お菓子にメモも付け、すべて向こうへと送った。



「ナナちゃんって言ったっけ?どう?こっちの世界は」

「はい!あ、ナナでいいです。ええと驚くようなことばかりで・・・特にトイレはびっくりで」

「どうせドモンにイタズラされたんでしょ?悪いわね、こんなスケベをナナの世界なんかに送っちゃってフフフ」


「エヘヘ、でも気持ちよかったんで」

「素直ね。気に入ったわ。この胸は私への当てつけみたいで気に入らないけれど」

「アヒィ!?」


遠慮もなしにナナの胸を片手で鷲掴みにしながら、ケーコがドモンを睨んだ。

ケーコはサンよりも更にスレンダーなタイプだった。



「まずはこの格好をどうにかしないと目立つわね」

「ケーコさんあのもう、うぅ~ん・・・胸から手を離して」

「あらごめんね。目の前でブラブラしてるものだからつい」


女ドモンのようなケーコに翻弄されるナナ。

まるでドモンがふたりに増えたような気がして目が回る。


「服を買おうにもおっぱいがこのサイズだから試着もしなきゃならないし、それに今は現金がないからそもそも買えないんだよな」

「私もお金なんかないわよ。試着くらいなら手伝ってあげるけど」

「うん。で、この金貨を例の金を売れる店で換金してきて欲しいんだよ。この近くにあっただろ?俺ら外に出られないからさ」


ケーコにドモンが袋に入った金貨を見せた。

ナナはドモンとケーコの顔を交互にキョロキョロと見ながら、ずっとおろおろしている。


「何これ?本物の金なの??チョコじゃなくて?」

「恐らく本物だ。全部換金すりゃ結構な額になると思う。お前にも分け前やるから頼むよ」

「でもこんなに大量に換金なんて出来んのこれ?いきなりこんなに持ち込んだらおかしいと思われるでしょ」

「それは俺にちょっと考えがある」


そうケーコに説明を続けるドモン。


ケーコも当然知っている。ドモンの機転の良さを。

困った事になった時、ドモンに相談をすれば大抵のことはなんとかしてくれる。



浴室に入るところのドアを自動扉にしたいと相談した時、100円ショップで揃えたものだけであっさりと自動ドアにしてみせた。
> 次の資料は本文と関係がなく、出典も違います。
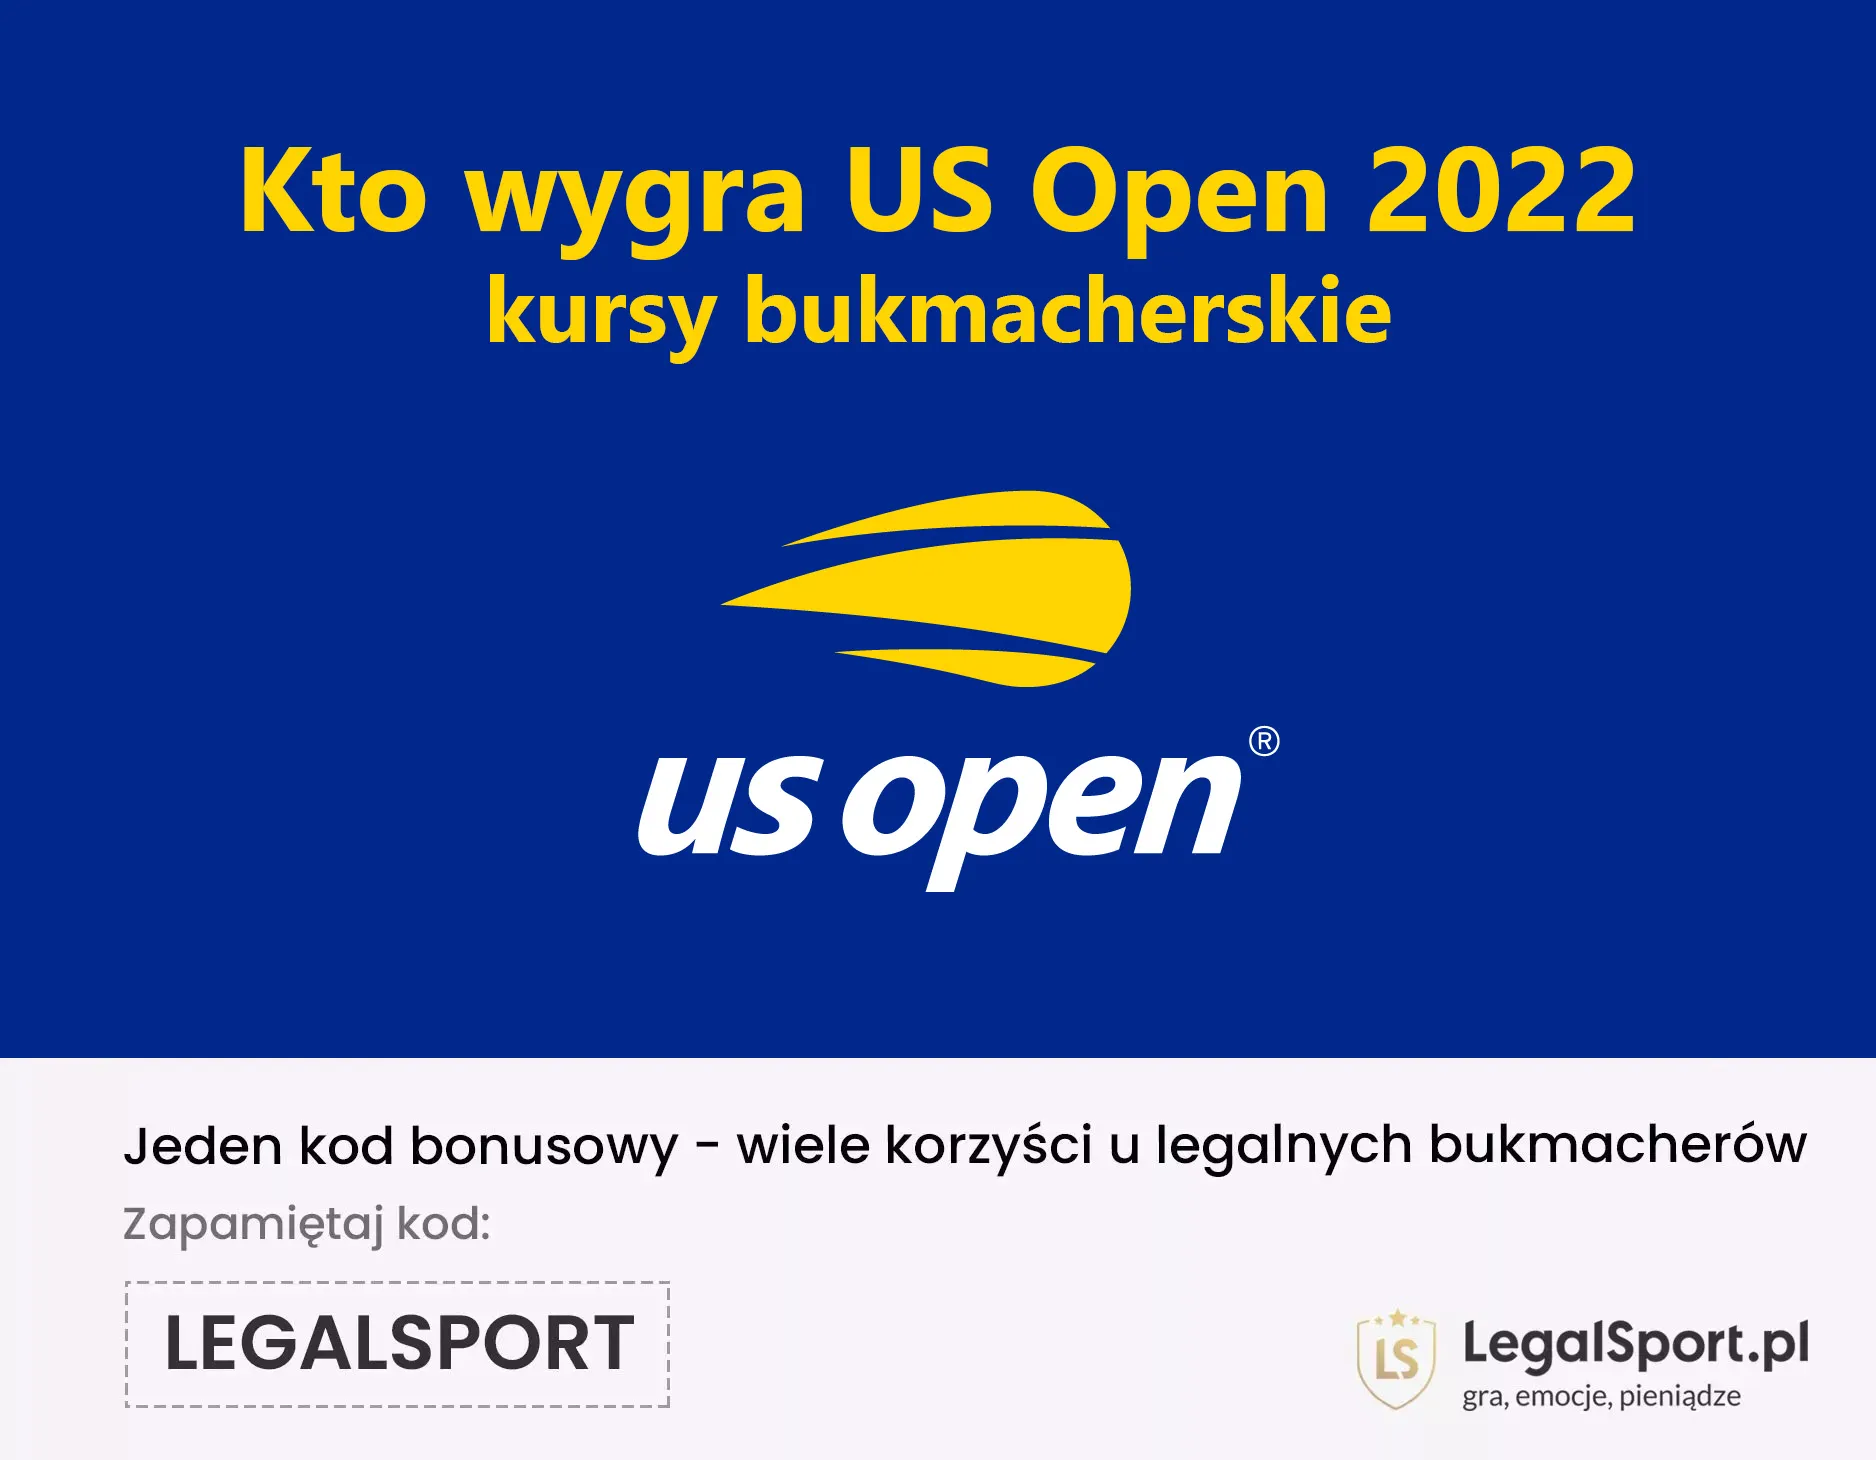 Kto wygra US Open 2022 - kursy bukmacherskie na faworytów

なぜかロックされて蓋が開かなくなってしまった洗濯機も、メーカーしか知らないはずのロック解除の方法をドモンは自力で導き出し、解除してしまった。


自転車屋が直すのはもう無理だといった自転車も、ドモンは自力で直してしまう。

その為ドモンが乗っている赤い自転車は、高校生の頃に買った物のままであり、30年以上も同じ自転車に乗っていた。
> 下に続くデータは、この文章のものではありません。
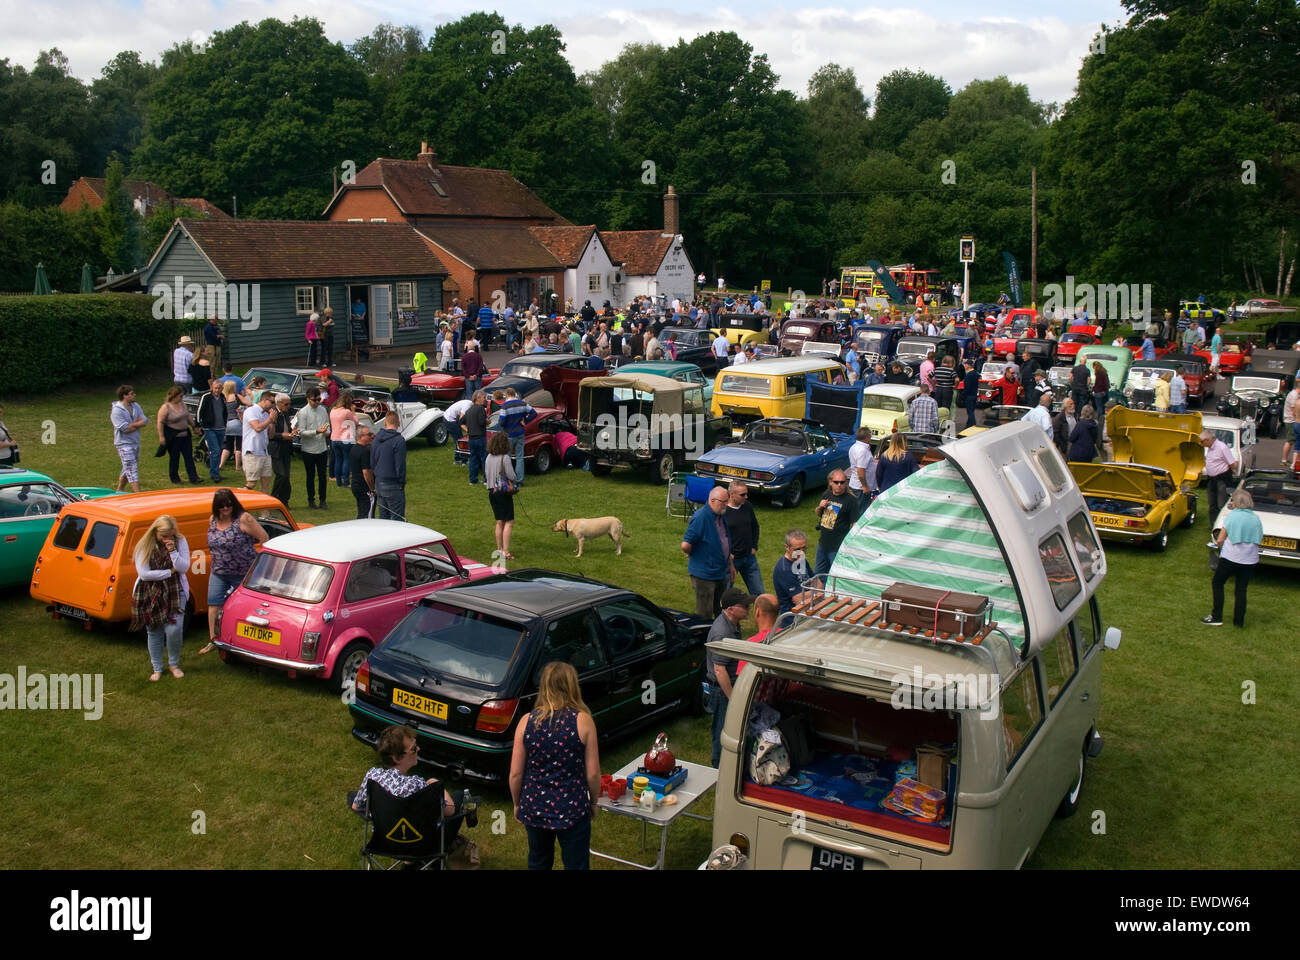 La foule rassemblée dans un salon de voitures, Hindhead, Hampshire, Royaume-Uni. Banque D'Images

パソコンに問題が起きればドモンに相談すればいいし、車が動かなければドモンに相談すればいい。

なにか美味しい物を食べたい時はドモンに相談し、休みの日になにか楽しい過ごし方がないか?とドモンに相談する。


もちろん物理的にどうしようもないものもあったが、とりあえず皆ドモンに相談をする。

母親が『物干し竿が壊れた』と連絡を寄越したのも、ドモンになんとかしてもらおうと思っていたのだ。



ドモンがなんとかすると言えばなんとかしてしまう。

それはどちらの世界でも一緒だった。



ドモンは二人を連れて100円ショップへ。

そこで額縁を三つと画用紙とハサミ、ついでに缶コーヒーを三本とナナとケーコのお菓子もいくつか買った。


「こんな物まで安く買えるのね・・・」とナナ。

「驚いたでしょう?普通に外国人観光客も驚いてる人いるくらいだしね」とケーコ。


元の屋上へと戻る途中、女ふたりでぺちゃくちゃとおしゃべりをしていると、またナナの写真を撮らせて欲しいという人が何人かやってきたが、ケーコが「駄目よ」と冷たい視線を浴びせると、あっという間に退散。


そうして少しずつ打ち解けていき、ふたりは仲良くなっていった。